# Shopping at Limited Too-yikes!



## karne (Jul 6, 2005)

My very pre adolescent dd has started to show some interest in clothing and we went for a bit of shopping tonight. We wandered into the Limited too-our first time. Wow! I couldn't believe the price of the clothes. And they were really not to either my or dd's taste. What she DID love was all of the center aisle stuff-the hair thingies, the cd's, the electronic stuff, and the huge screen playing teeny-bopper music videos on the wall. So I could say I was shocked at the store, but mostly dd and I had fun looking at things that interested her, watching vids. of music I had no idea she knew about, and generally me getting a little glimpse into a world I didn't know much about. I feel kinda old, truthfully







! And, she still needs clothes!


----------



## Eben'sMama (Jun 29, 2006)

I had to go in there at Christmastime to get a GC for my sister's SD, and WOW! I was totally on sensory overload with the lights, blaring music, and bright, bright colors everywhere.
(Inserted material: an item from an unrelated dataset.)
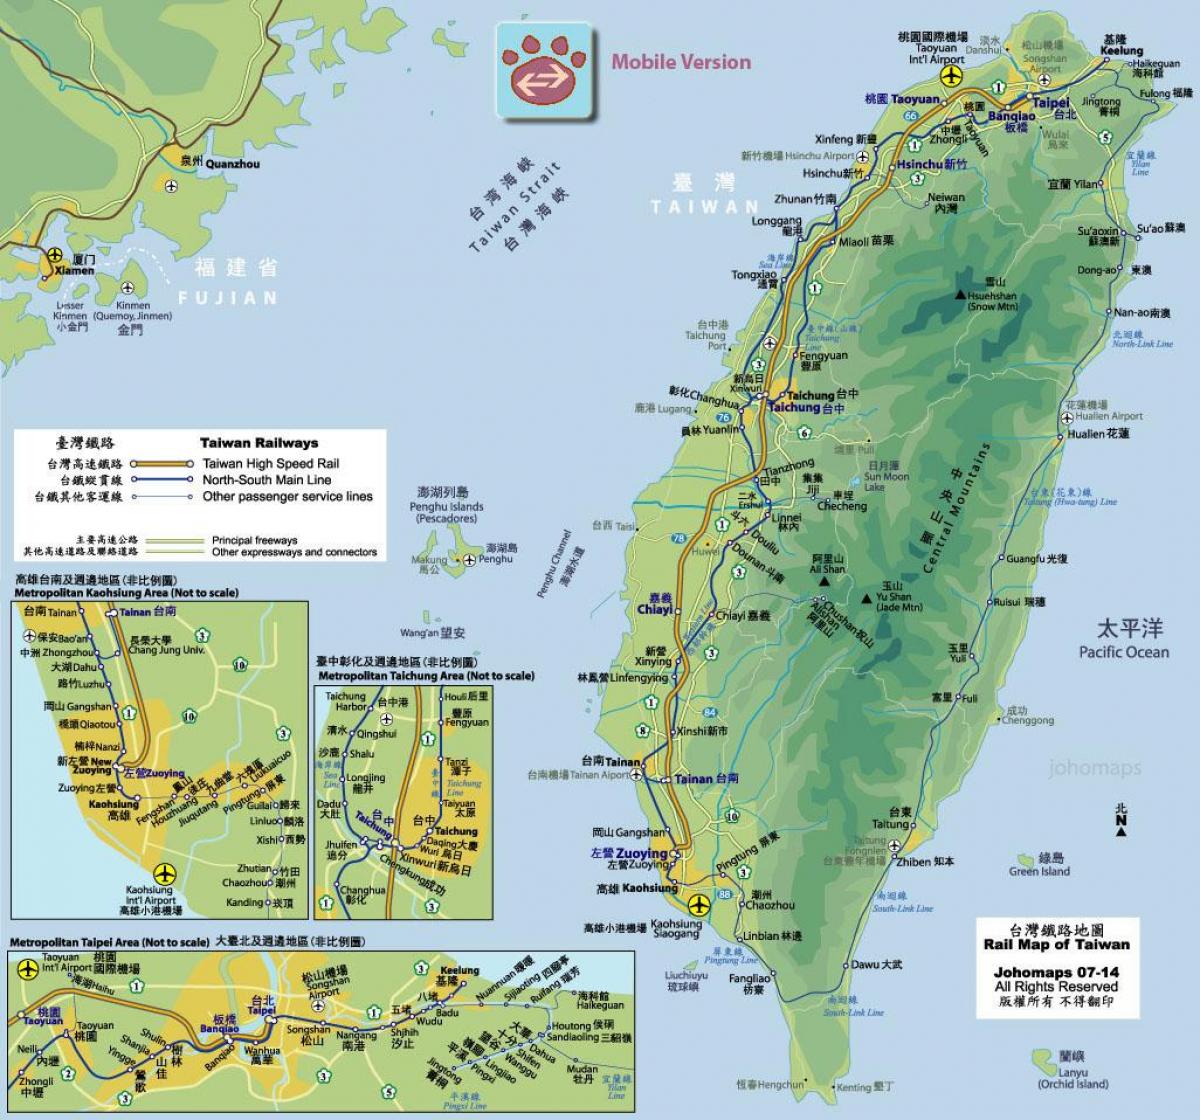 ტაივანის რკინიგზის მატარებლის რუკა

No offense, but when I walked out, I said to DH (who had been waiting outside with our DSs), "I'm so glad we have boys. That means I'll never have to go in there again."









It sounds like you guys had fun, though, and that's what counts, of course!


----------



## UnschoolnMa (Jun 14, 2004)

I've never been to the store but my Dd and I like a lot of their clothing line.


----------



## Jessy1019 (Aug 6, 2006)

My five year old and her dad have bought me some things there.









I haven't been in the store for awhile . . . I think this is the first summer my daughter might fit into some of their clothes, but I'm not sure they're worth the money. We like a lot of what we've seen in the window, though!


----------



## mama2kds (Jul 14, 2006)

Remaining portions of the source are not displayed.